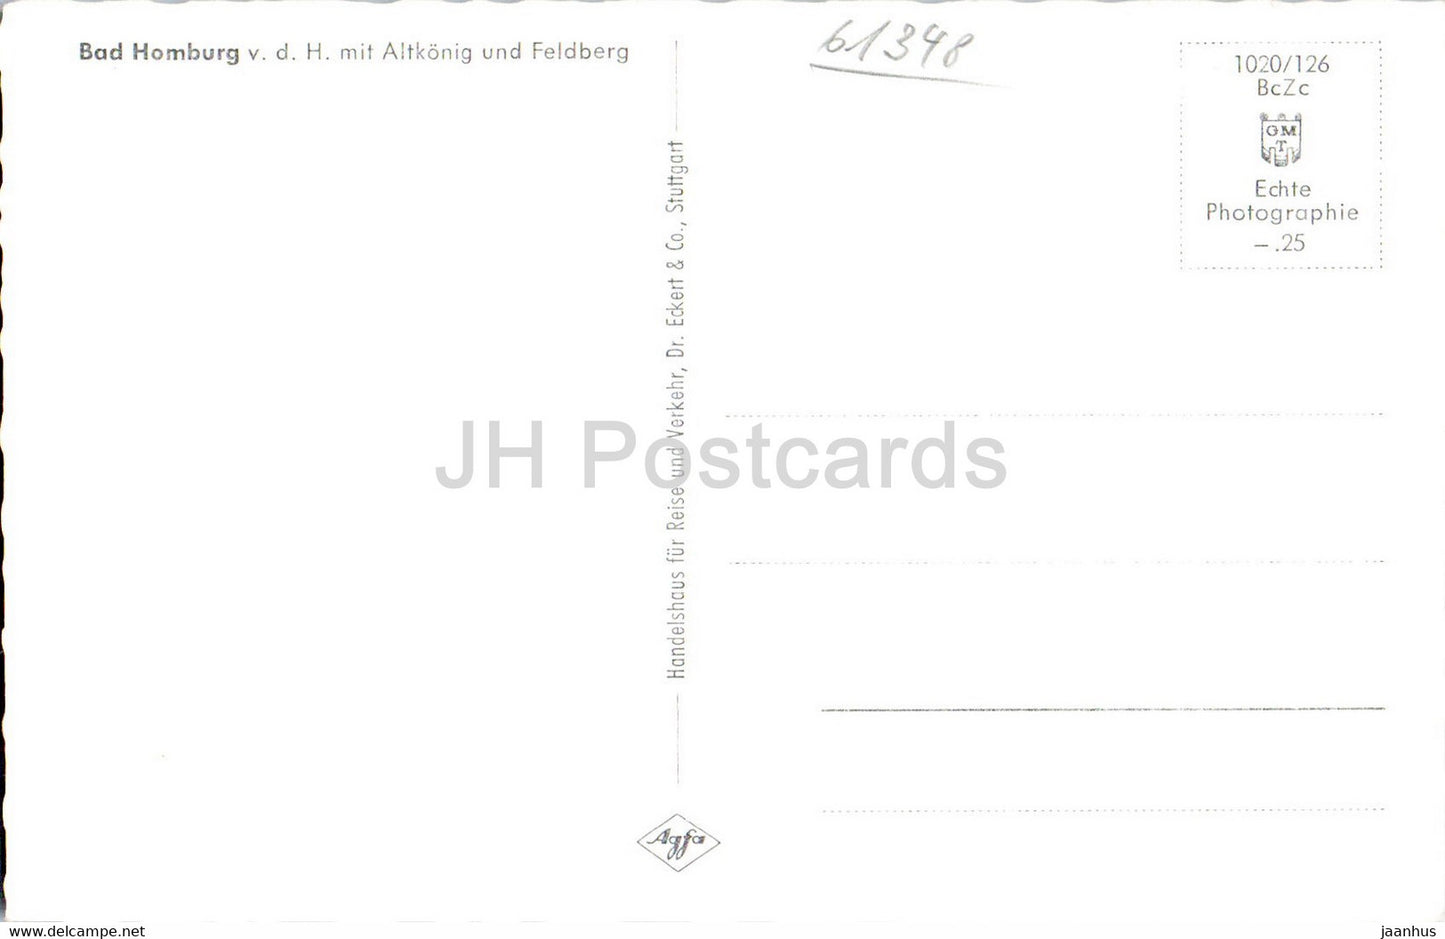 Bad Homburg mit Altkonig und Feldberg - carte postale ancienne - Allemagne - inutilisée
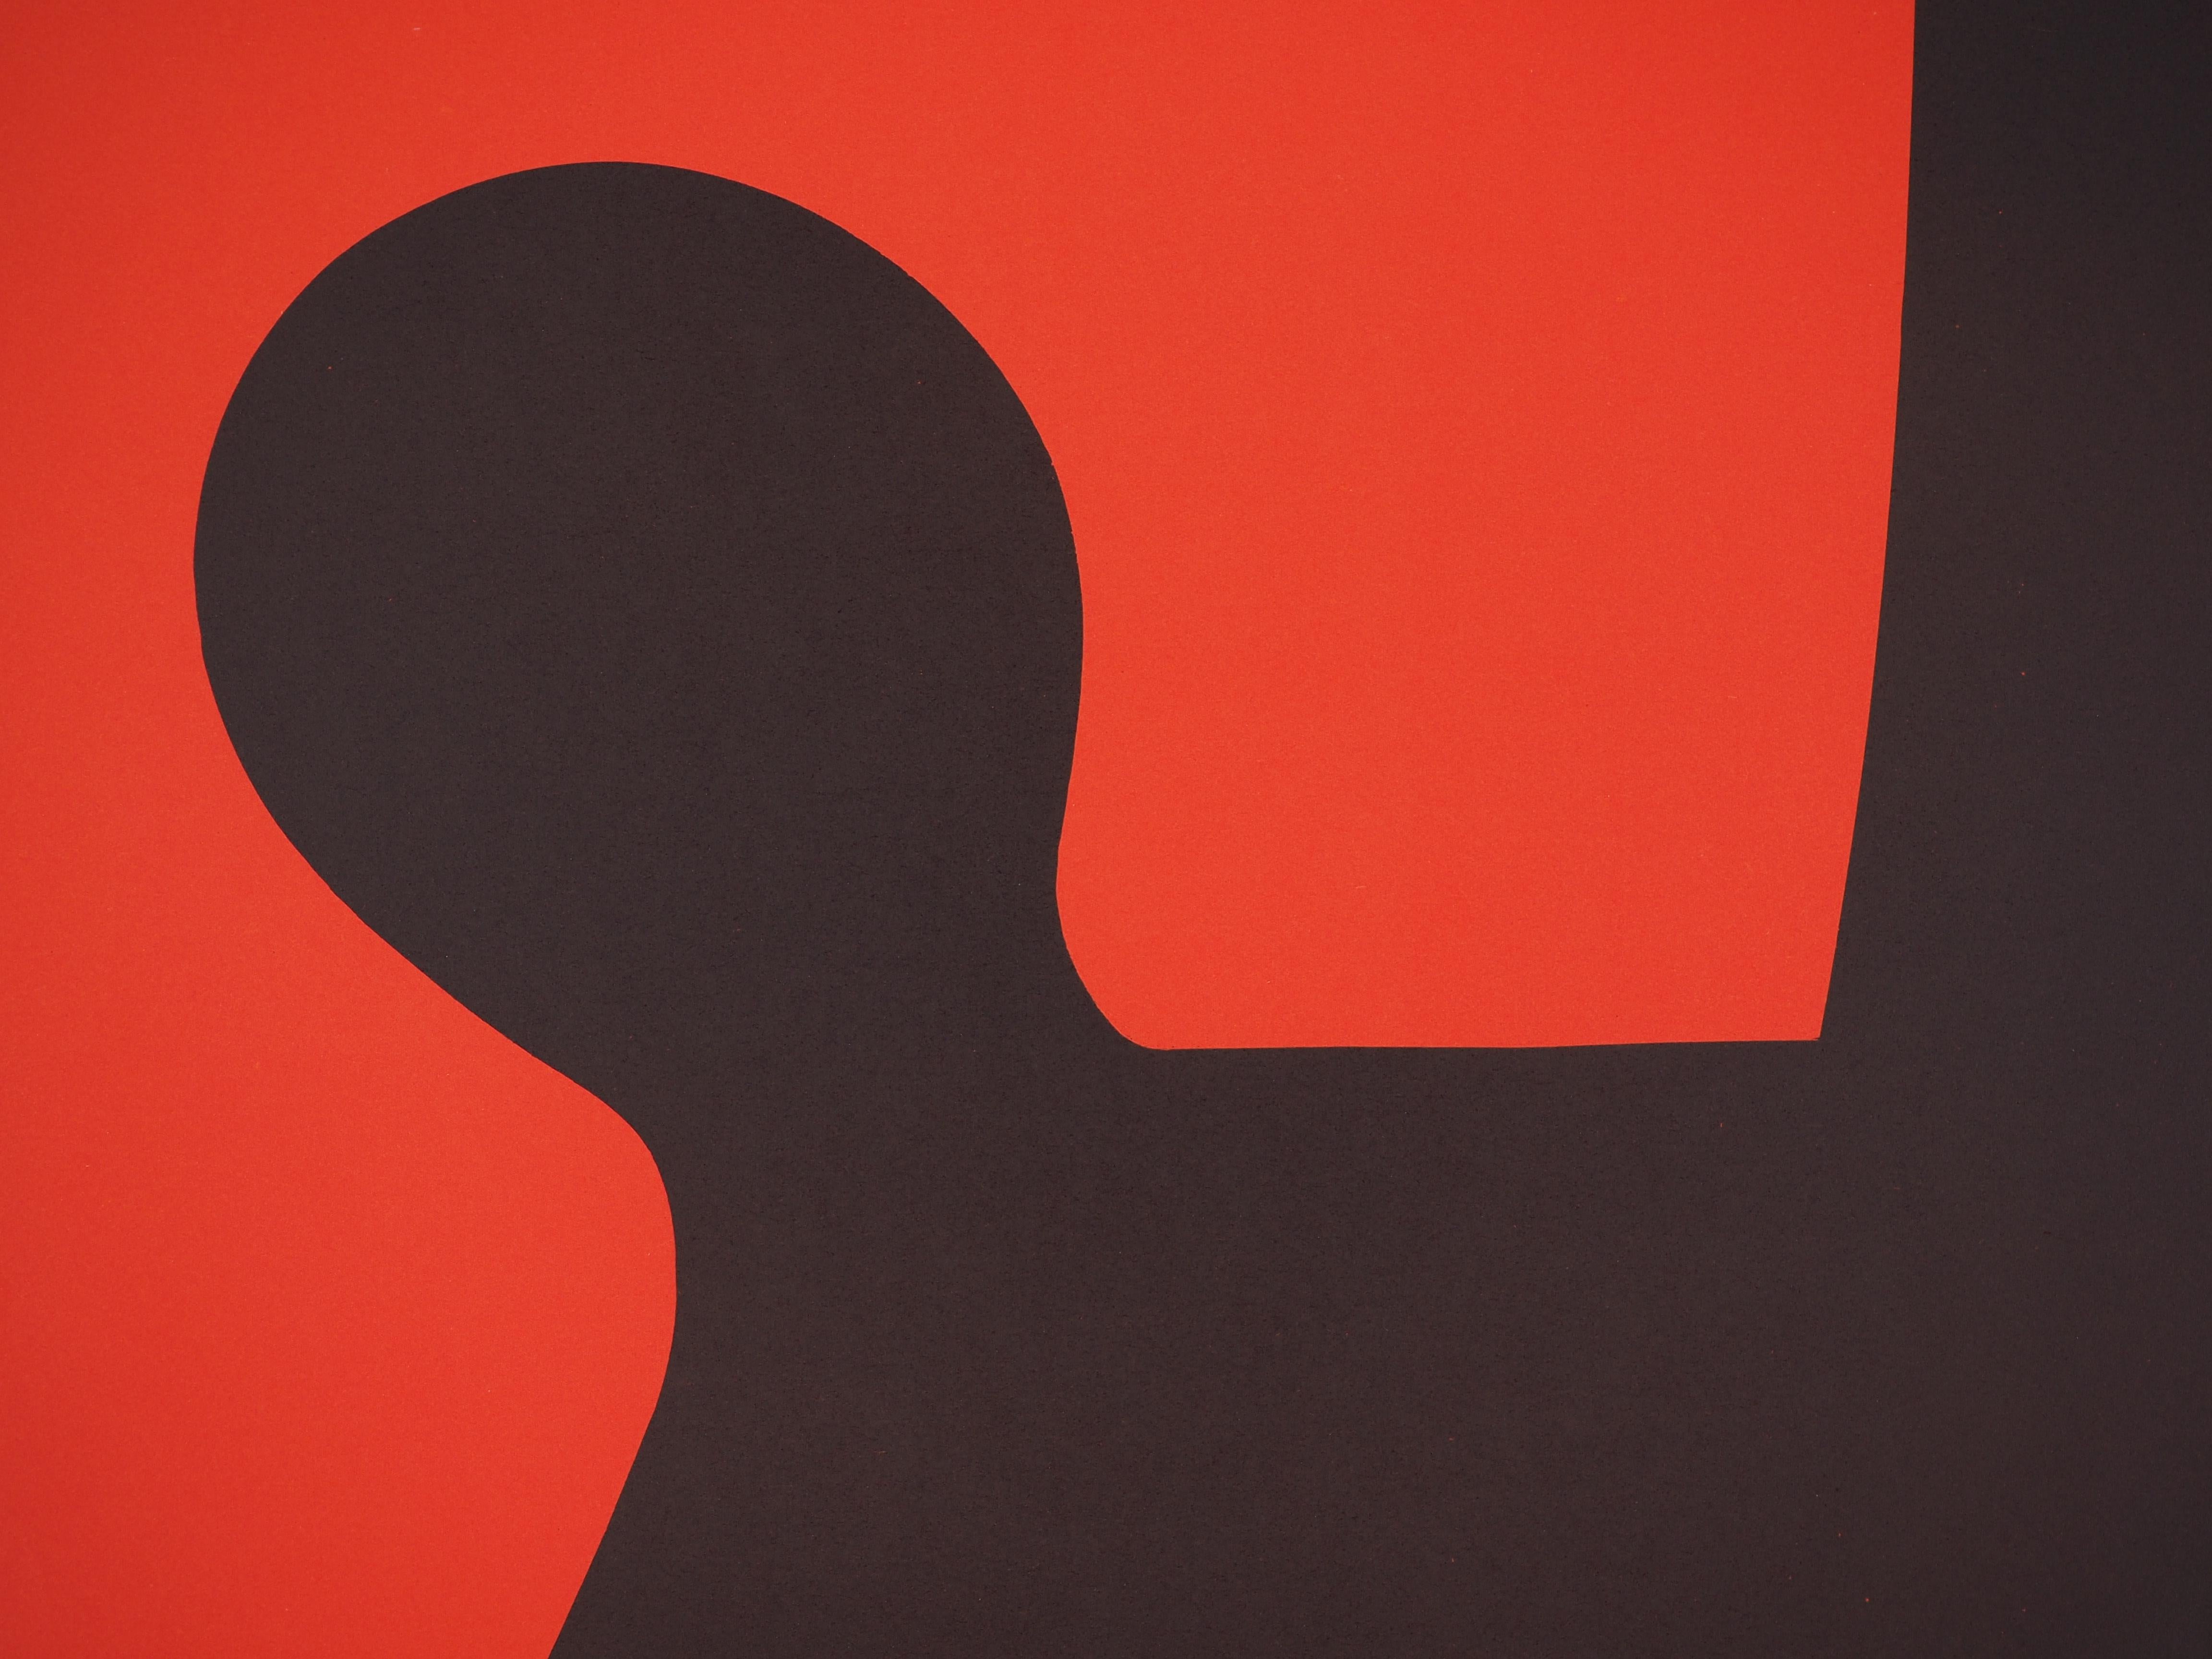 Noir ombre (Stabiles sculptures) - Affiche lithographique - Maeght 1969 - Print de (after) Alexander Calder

...

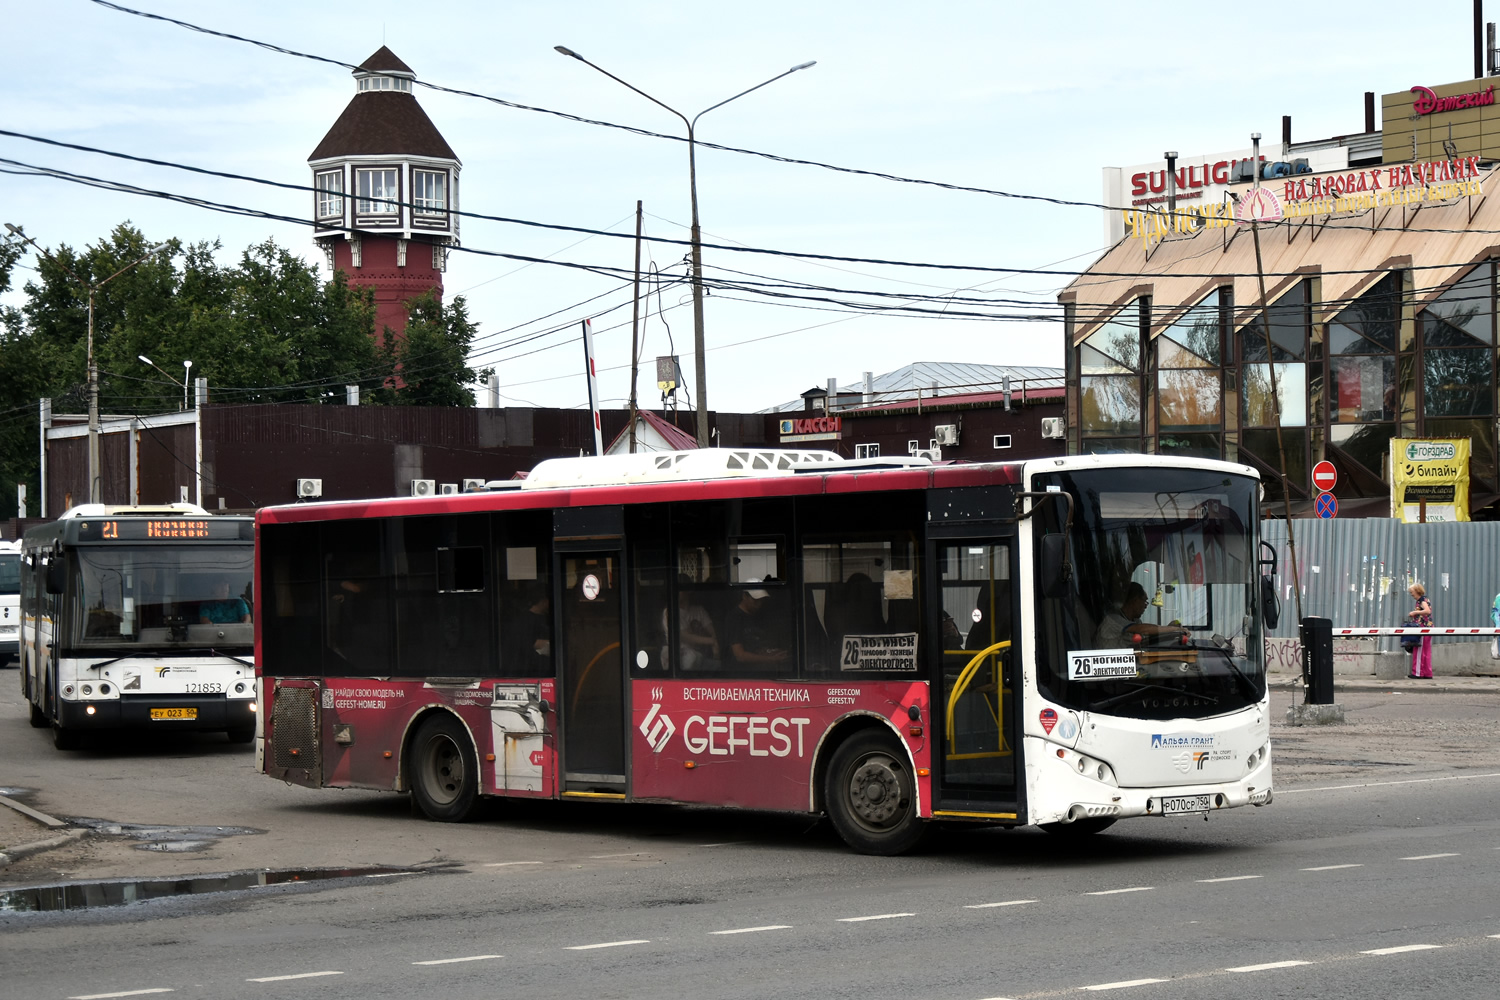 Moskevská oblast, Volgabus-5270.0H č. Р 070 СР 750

● **THE TASK**: Look above for the line containing "Bad Homburg mit", then write out every line from there down to the line containing "Noir ombre (Stabiles", that line included, with no pictures.

● **RESULT OF THIS EXERCISE**:
 Bad Homburg mit Altkonig und Feldberg - carte postale ancienne - Allemagne - inutilisée
 Noir ombre (Stabiles sculptures) - Affiche lithographique - Maeght 1969 - Print de (after) Alexander Calder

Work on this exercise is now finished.